REase digestion assays. a Assay of the EMGBS3_12600 gene (and EMGBD1_09320, which has the same amino-acid sequence). BceAI and TseI were used, where the plasmid contained 12 (ACGGC) and 21 (GCWGC) target sites, respectively. Plasmid DNAs were linearized using SalI before the assay. An NEB 2-log DNA ladder was employed as a size marker. b Assay of the EMGBS15_03820 gene. DpnII and XmnI were used, where the plasmid contained 27 (GATC) and 2 (GAANNNNTTC) target sites, respectively

While the homology-based analysis showed that the closest homolog of EMGBS15_03820 was a non-sequence-specific MTase, its adjacency to an REase and the results of the metaepigenomic analysis suggested that this MTase presents GAANNNNTTC sequence specificity. The REase digestion assay showed that XmnI (GAANNNNTTC specificity) did not cleave the plasmids only when EMGBS15_03820 was expressed in the cells, which also supports our hypothesis (Fig. 3b). Furthermore, we confirmed that DpnII (GATC specificity) cleaved the plasmids regardless of whether EMGBS15_03820 was expressed, indicating that EMGBS15_03820 is not a nonspecific MTase. We named this protein M.FspBS15I, as a novel MTase that possesses GAANNNNTTC methylation specificity (Table 4).

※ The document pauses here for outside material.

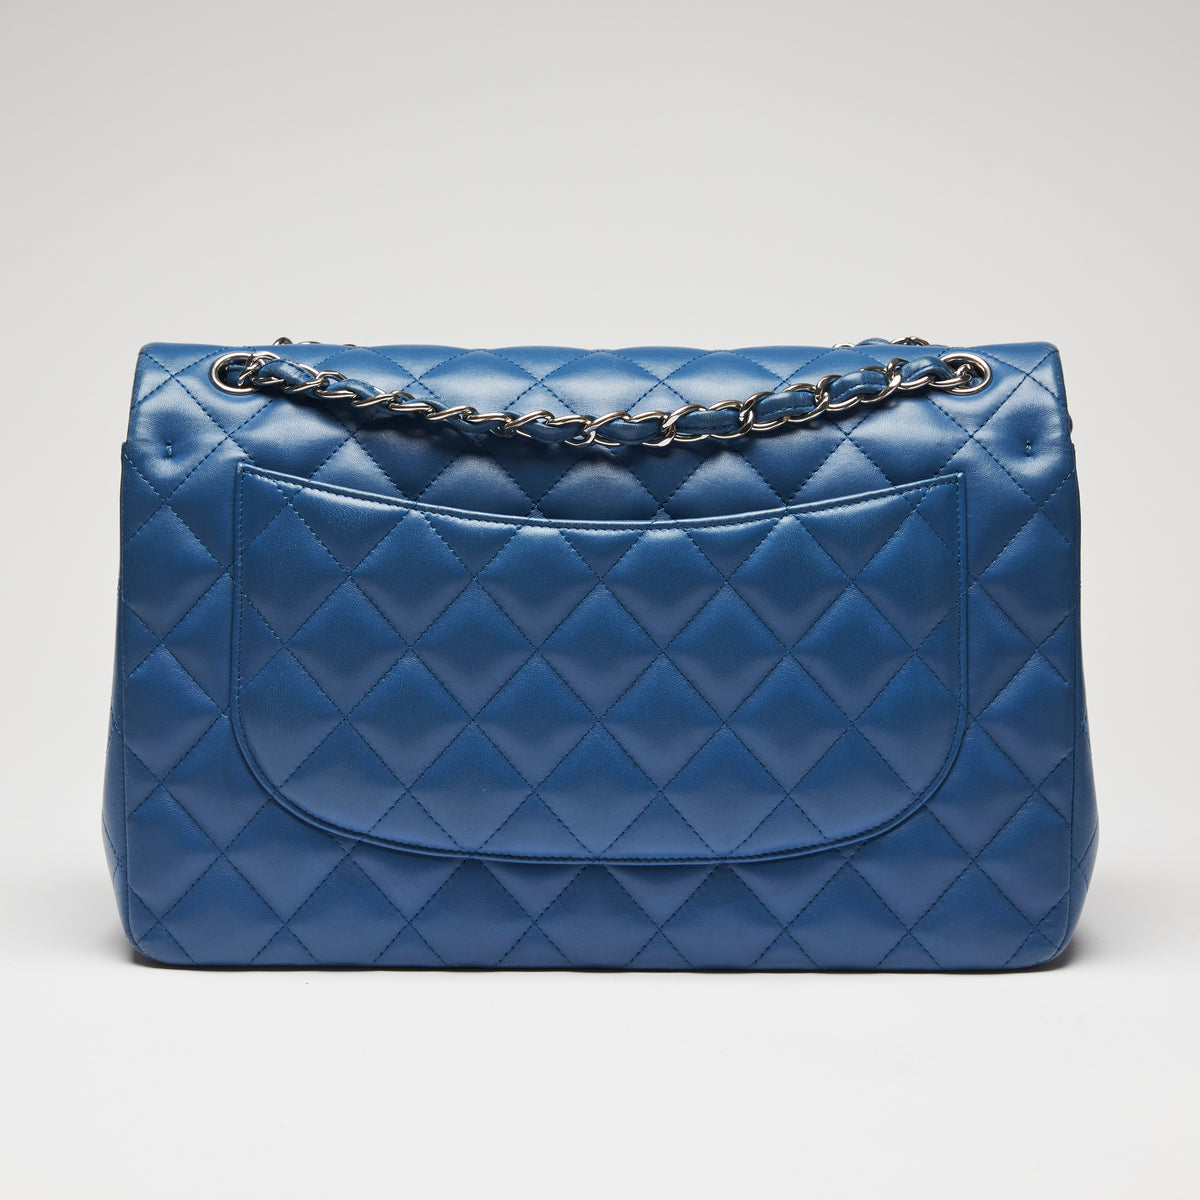 Pre-Loved Bright Blue Lambskin Large Double Flap Bag with Silver Hardware. (back)
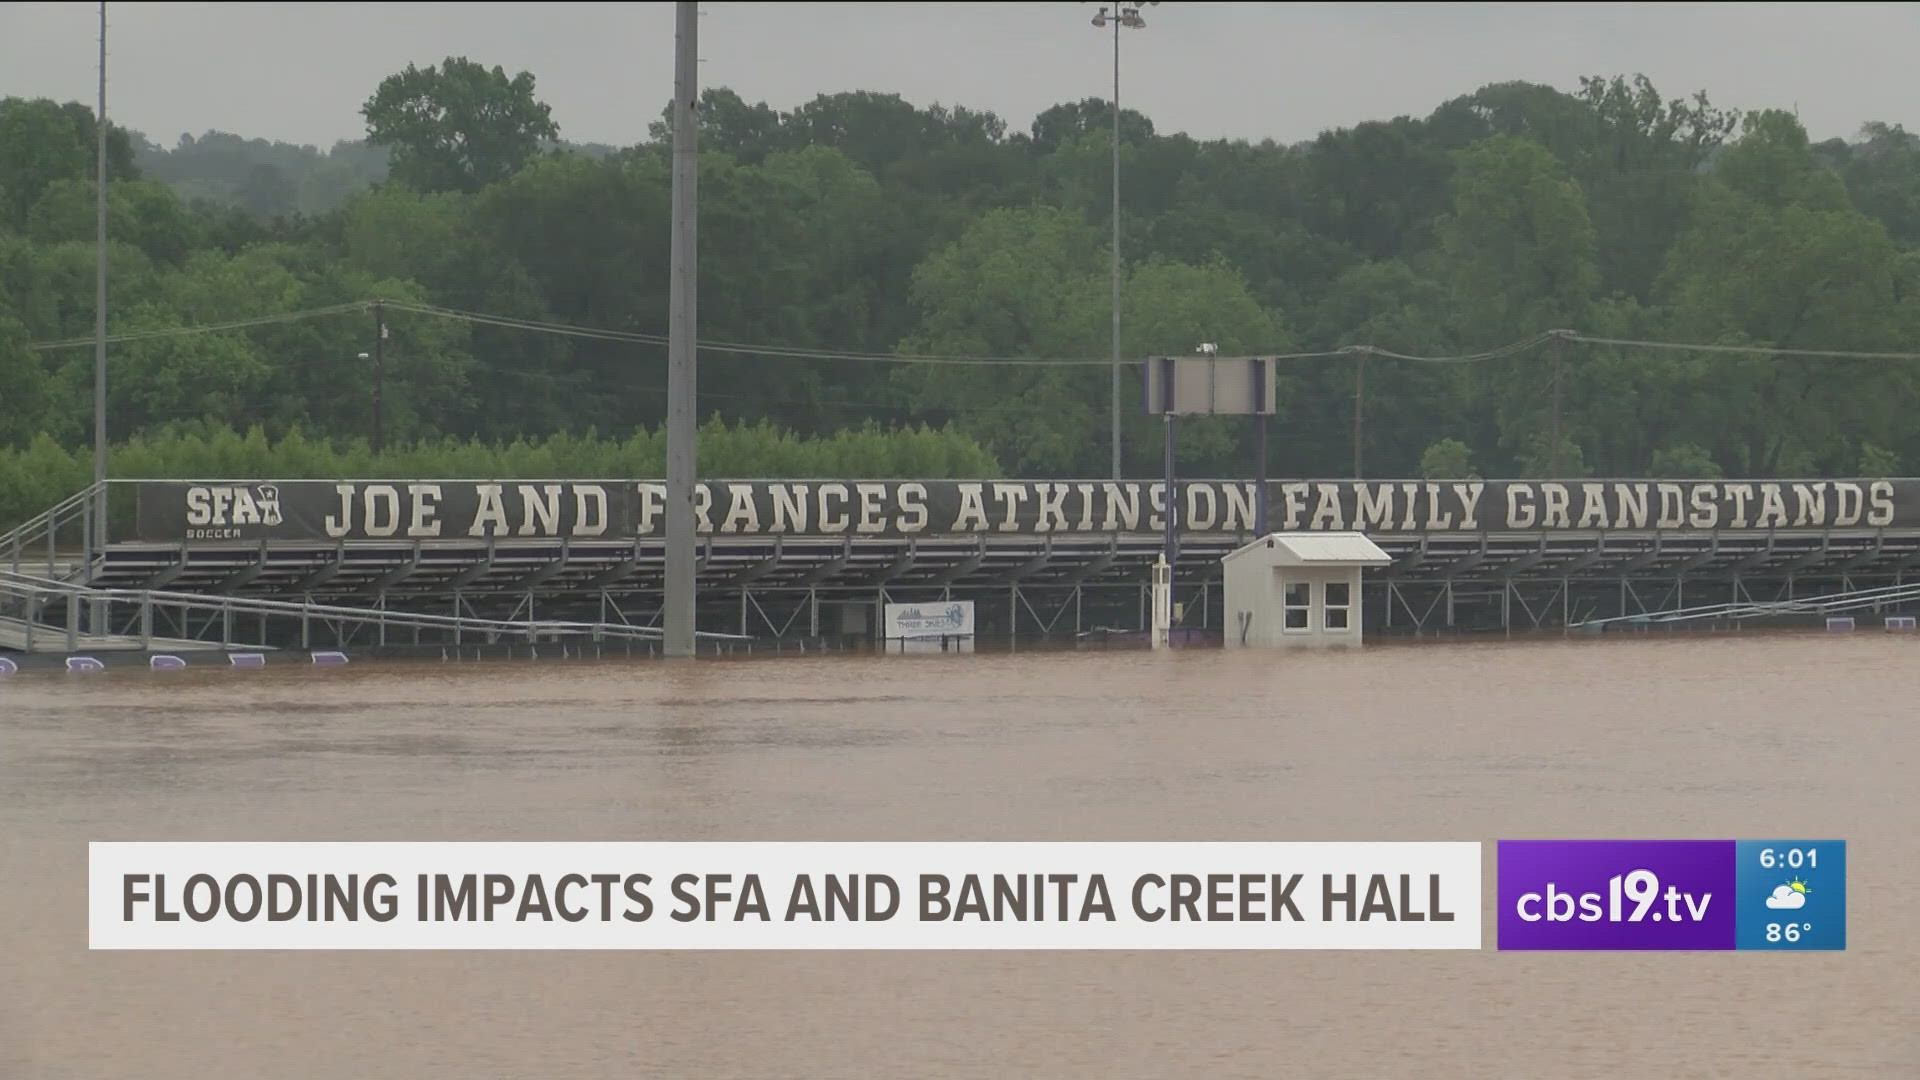 Flooding impacts Stephen F. Austin University and other businesses in Nacogdoches

For EMGBS10_10070 in Verrucomicrobia BS10 and EMGBD2_08790 in Nitrospirae BD2, we also conducted REase digestion assays to confirm the recognition motif sequences. Based on the results of the metaepigenomic analysis, their motifs were predicted to be ACGAG and TANGGAB, respectively. Expression of each gene altered the electrophoresis patterns of the digested plasmids to contain fragments that resulted from inhibition of REase cleavage at the estimated methylation sites (Supplementary Fig. 7). Furthermore, we additionally conducted SMRT sequencing analysis using the PacBio RSII platform to examine the methylation status of the chromosomal DNA of the E. coli transformed with each of the two MTase genes. The results were basically consistent (Supplementary Table 4): ACGAG was actually detected as the methylated motif in E. coli transformed with EMGBS10_10070, and we named the protein M.ObaBS10I. In the case of EMGBD2_08790, the detected TAHGGAB motif was almost the same, but a subset of the estimated TANGGAB motif (i.e., TAGGGAB was excluded), and this difference could be due to E. coli-specific conditions (e.g., cofactors and sequence biases), insufficient data, inaccuracy of the methylated motif detection method. Regardless of this minor difference, we concluded that EMGBD2_08790 is a novel MTase gene responsible for methylation of the TAHGGAB motif and we named the protein M.NbaBD2I accordingly.

Metaepigenomics for exploring prokaryotic methylation systems in nature

The present study demonstrated the effectiveness of the metaepigenomic approach powered by SMRT sequencing and CCS, showing obvious advantages over sequence similarity-based and culture-based methylation system analyses and short-read metagenomics. The CCS reads facilitated metagenomic assembly, binning, and protein sequence-based taxonomic assignment from an environmental sample that contained dominant uncultured prokaryotes. Most importantly, this approach revealed several methylated motifs, including novel ones in environmental prokaryotes, and subsequent experiments identified four MTases responsible for those reactions.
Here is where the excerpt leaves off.